Contrôler la masturbation : fondement de la préparation mentale
Les frontières de la science et l’unicité de chaque individu
Il n’existe pas de preuve scientifique formelle établissant un lien naturel entre abstinence et amélioration (ou détérioration) des performances physiques et mentales. Puisque chaque individu diffère, une équation unique pour tous est inenvisageable ; toutefois, les conclusions suivantes restent pertinentes. Des témoignages d’athlètes soutiennent que la chasteté a favorisé leurs performances ; Mike Tyson constatait lui aussi que les relations sexuelles avant un combat faisaient baisser son agressivité. Qu’elle soit ou non fondée, la croyance joue un rôle psychologique pour motiver l’athlète ; la chasteté, au minimum, lui procure une confiance additionnelle.
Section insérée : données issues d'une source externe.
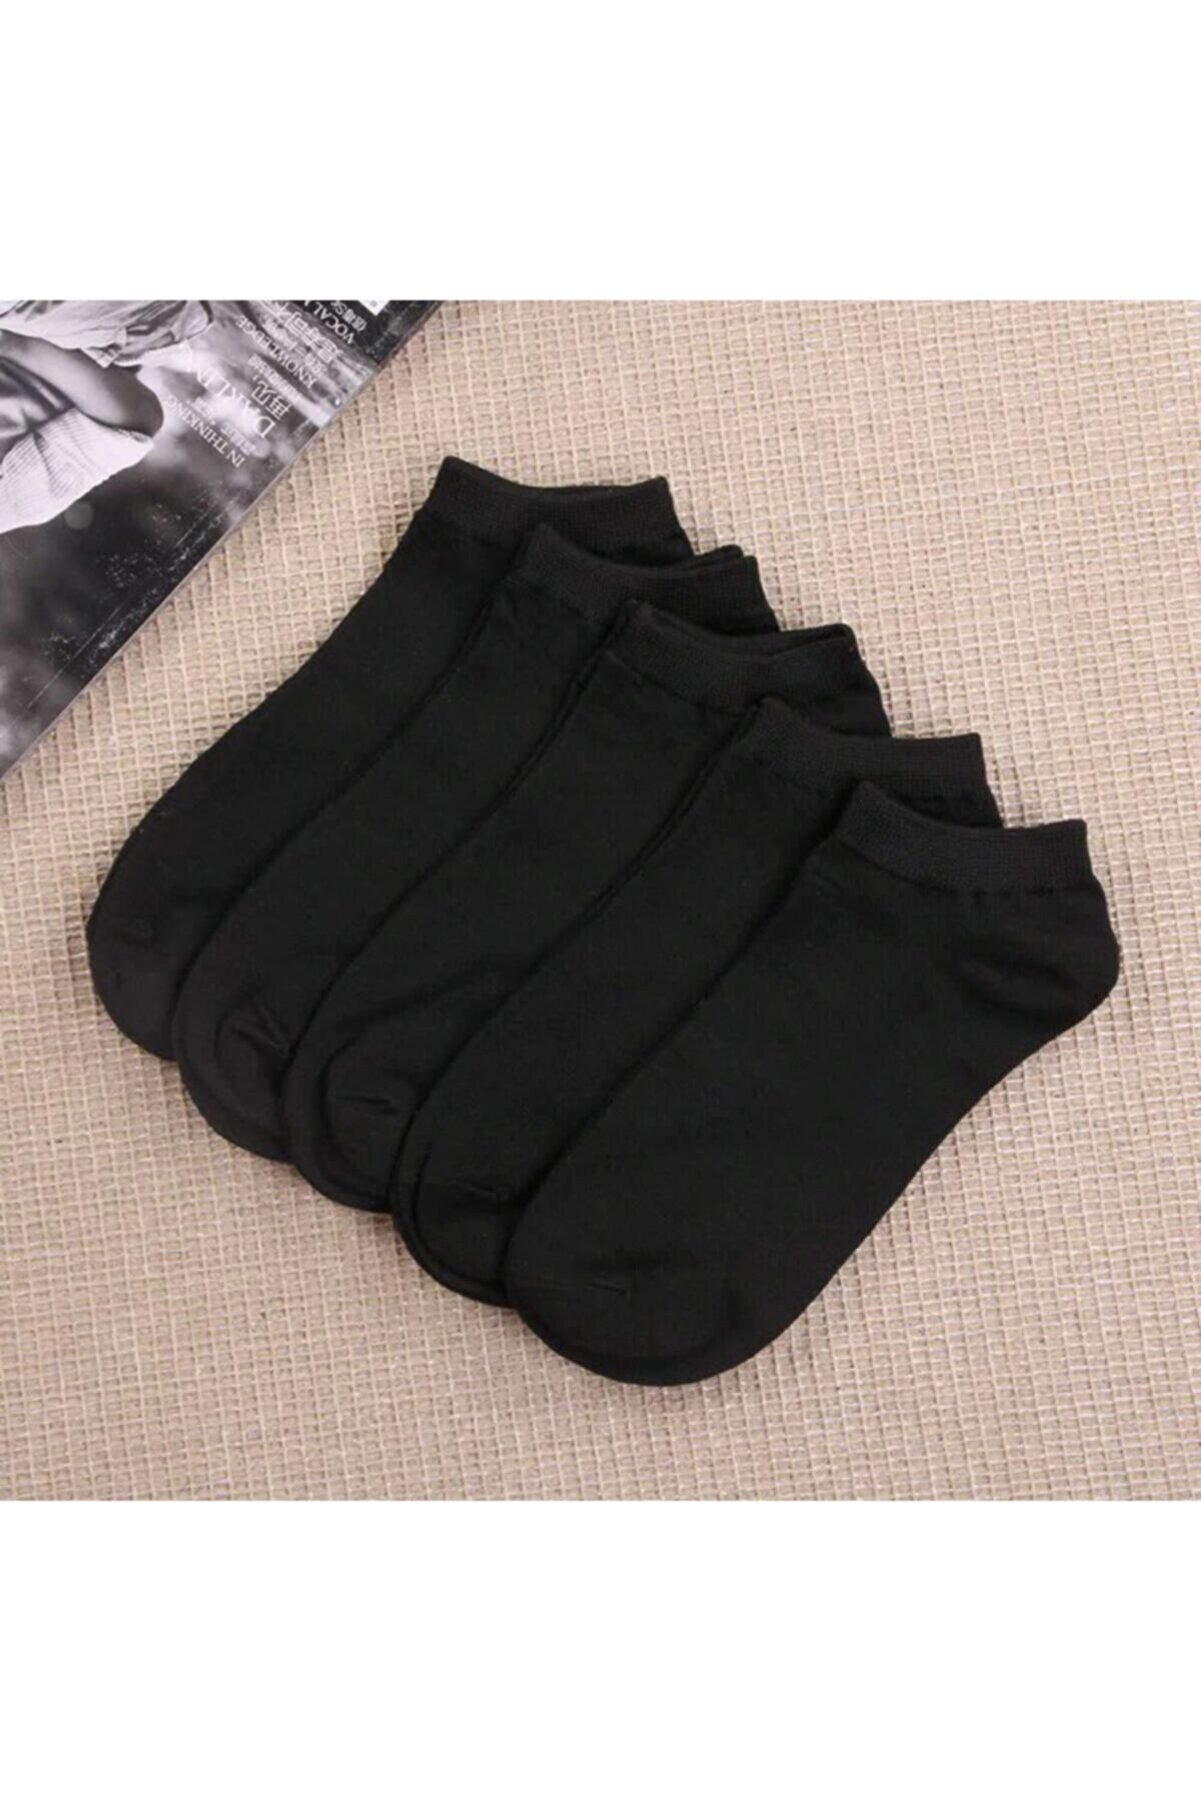 BGK Unisex Yazlık Patik Çorap 5 'li Extra Rahat Siyah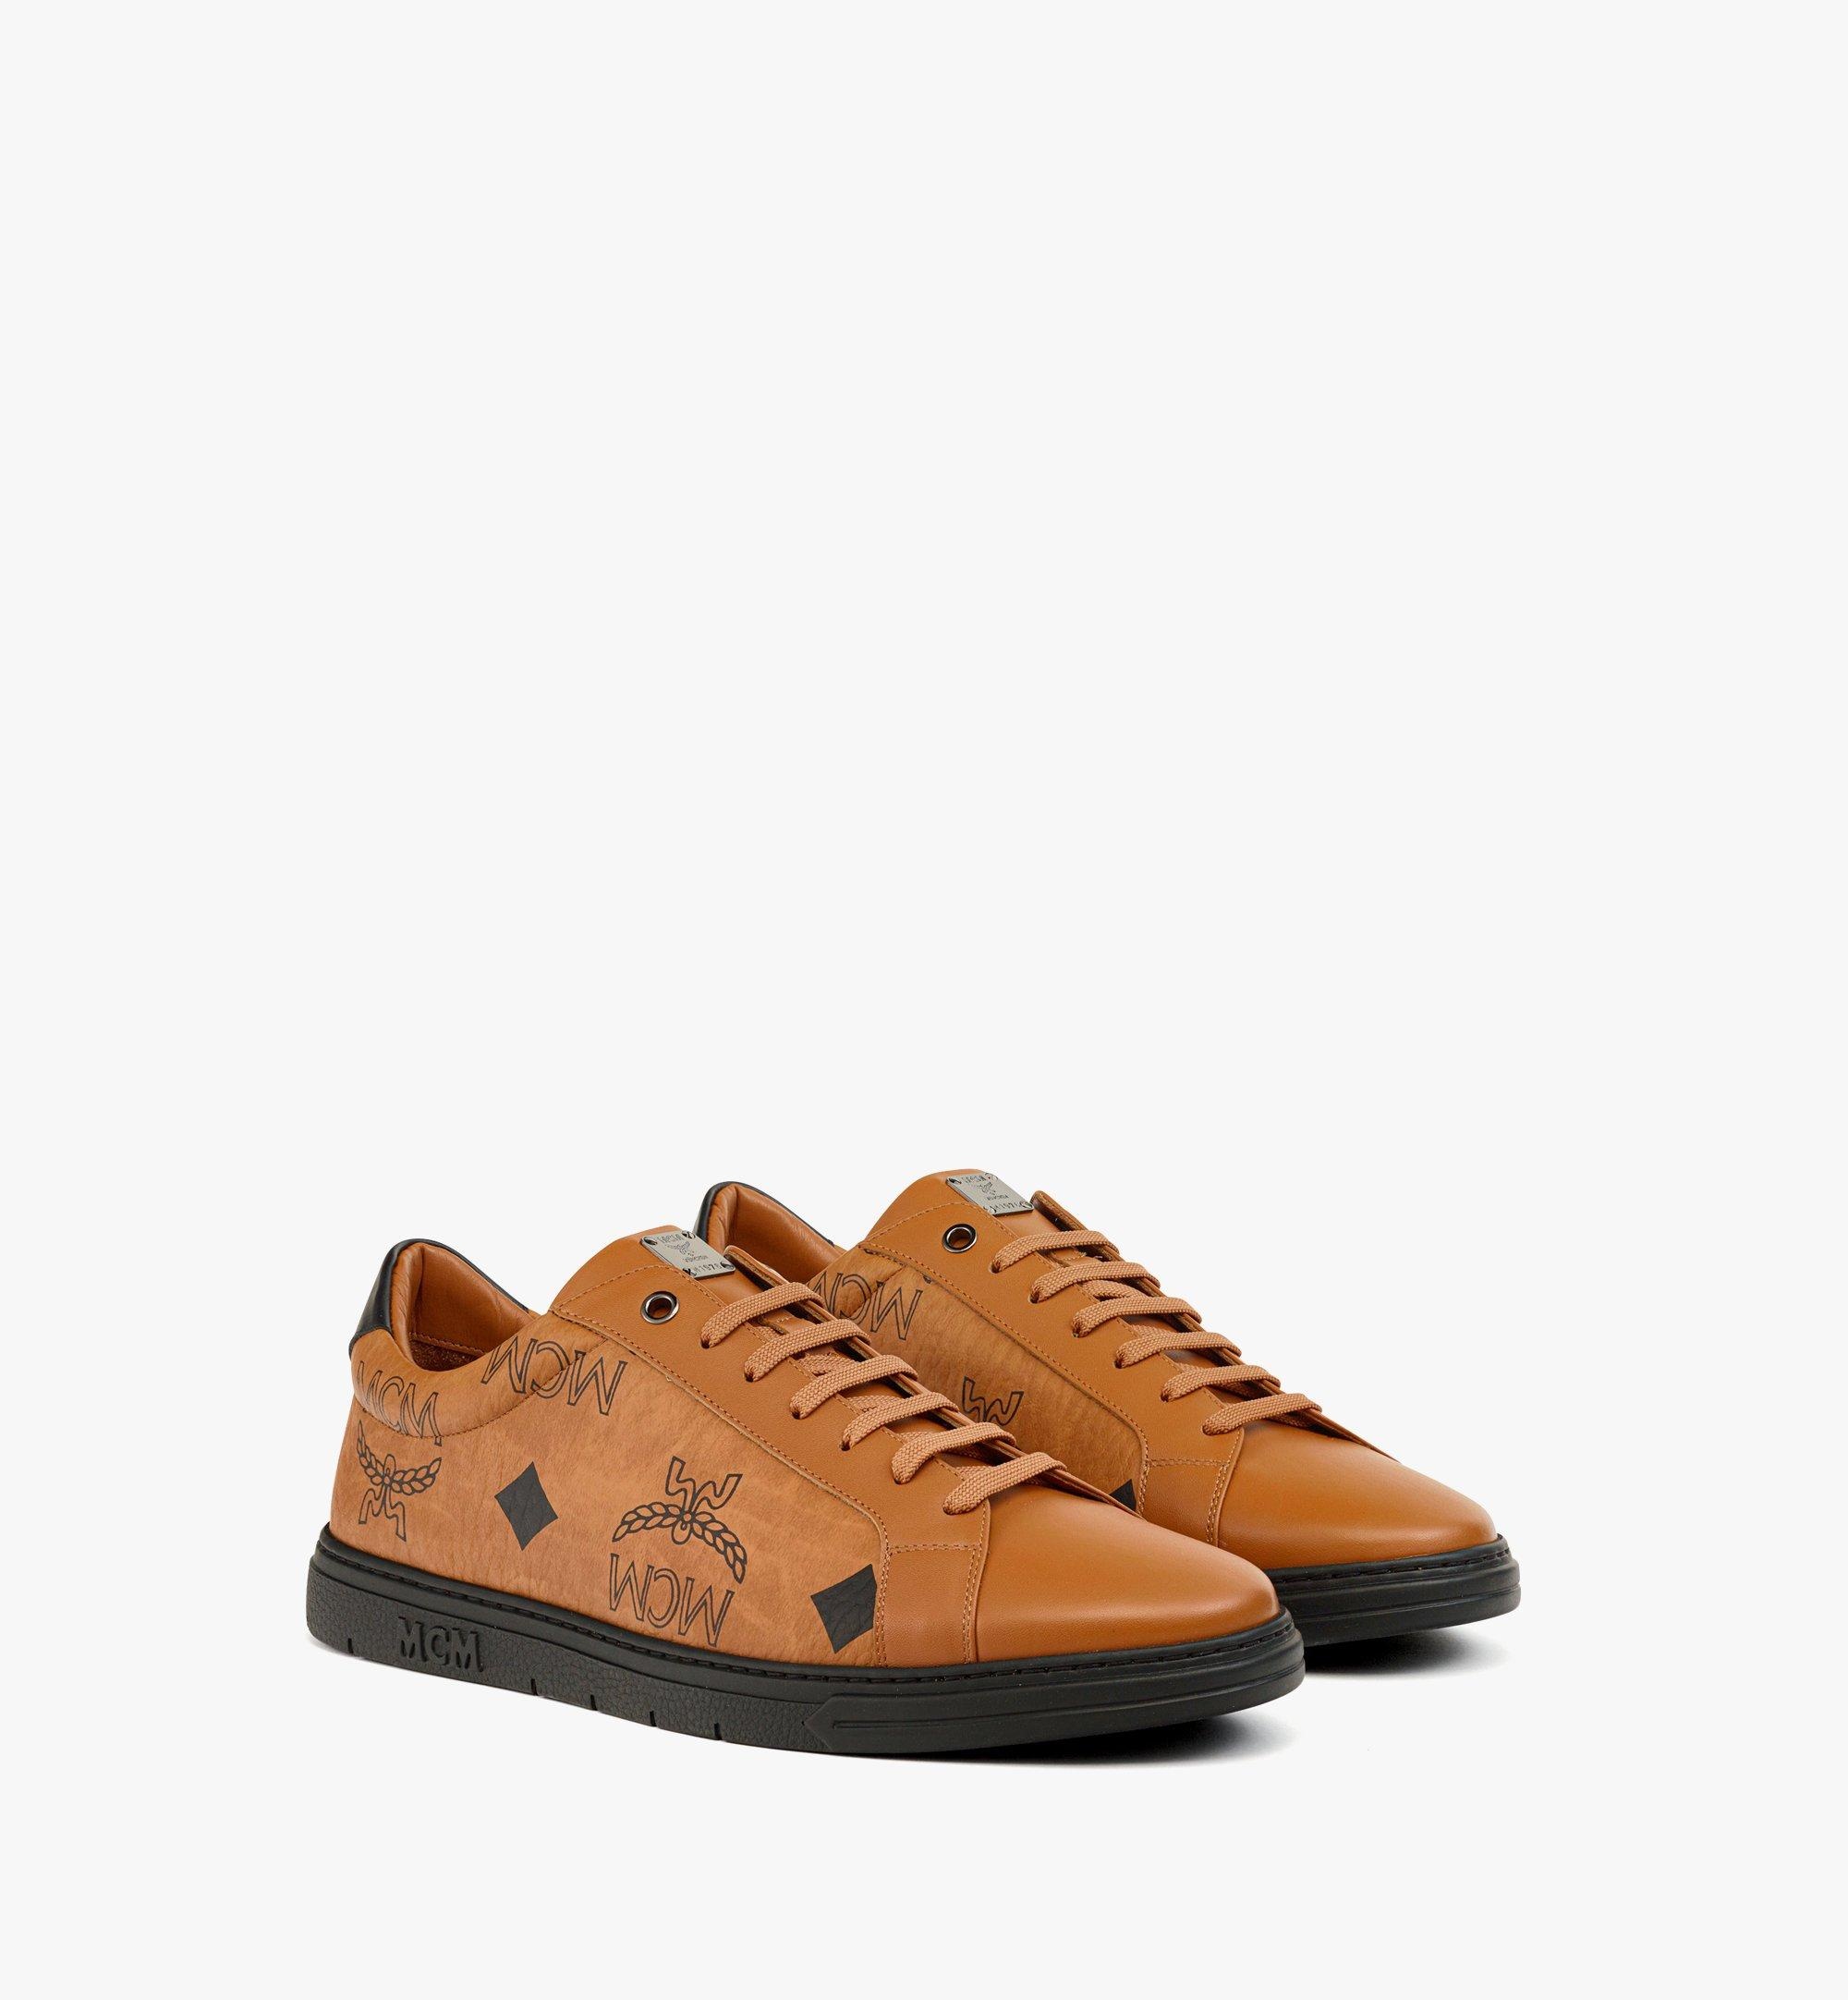 Terrain Lo Sneakers in Maxi Visetos - 1

Pratique No Fap et rendement sportif
Se priver de masturbation, à l’instar du mouvement No Fap, constitue une approche unique pour les sportifs souhaitant maximiser leurs capacités. En synergie avec la méditation, la visualisation et le contrôle émotionnel, ces pratiques contribuent à forger une discipline rigoureuse et à viser l’excellence en performance. En ajoutant ces éléments à leur routine, les sportifs sont susceptibles d’atteindre des performances inédites sur les plans physique et mental.
L’impact de l’entraînement psychologique sur les performances sportives
Portée dans la gestion du stress et la régulation émotionnelle
La maîtrise du stress et des émotions est cruciale en compétition. Des outils comme la méditation et les exercices de contrôle émotionnel permettent de maintenir un niveau optimal d’activation mentale. Les sportifs adeptes de la chasteté rapportent une amélioration de leur capacité à rester calmes et concentrés sous pression, grâce à une meilleure maîtrise de leurs impulsions et pensées.
Répercussions pour l’endurance et la force
Pour performer au plus haut niveau, l’aspect mental doit être travaillé autant que l’aspect physique. Son influence sur la performance se traduit par une attention renforcée, une gestion émotionnelle efficace et l’accès au « flow ». L’abstinence de masturbation, souvent liée au mouvement NoFap, est pour certains sportifs une voie vers plus d’énergie et de lucidité mentale. Cette méthode prétend transformer l’énergie sexuelle en moteur pour de meilleures performances sportives.
#Une #enquête #révèle #une #incertitude #généralisée #sur #les #recommandations #matière #vaccins #contre #grossesse

Cet article, consacré à « l’optimisation de son activité sexuelle pour améliorer la performance sportive », est proposé par stop-masturbation.com. Rédigée avec soin, cette chronique vise à informer — vous pouvez contacter les coordonnées figurant sur le site pour signaler des corrections ou partager des précisions concernant ce contenu. Stop-masturbation.com s’engage à traiter ce sujet de façon transparente et à rassembler les ressources et analyses disponibles en ligne. D’autres publications sur l’optimisation de la sexualité et la performance sportive seront publiées prochainement ; pensez à consulter régulièrement notre site pour les mises à jour.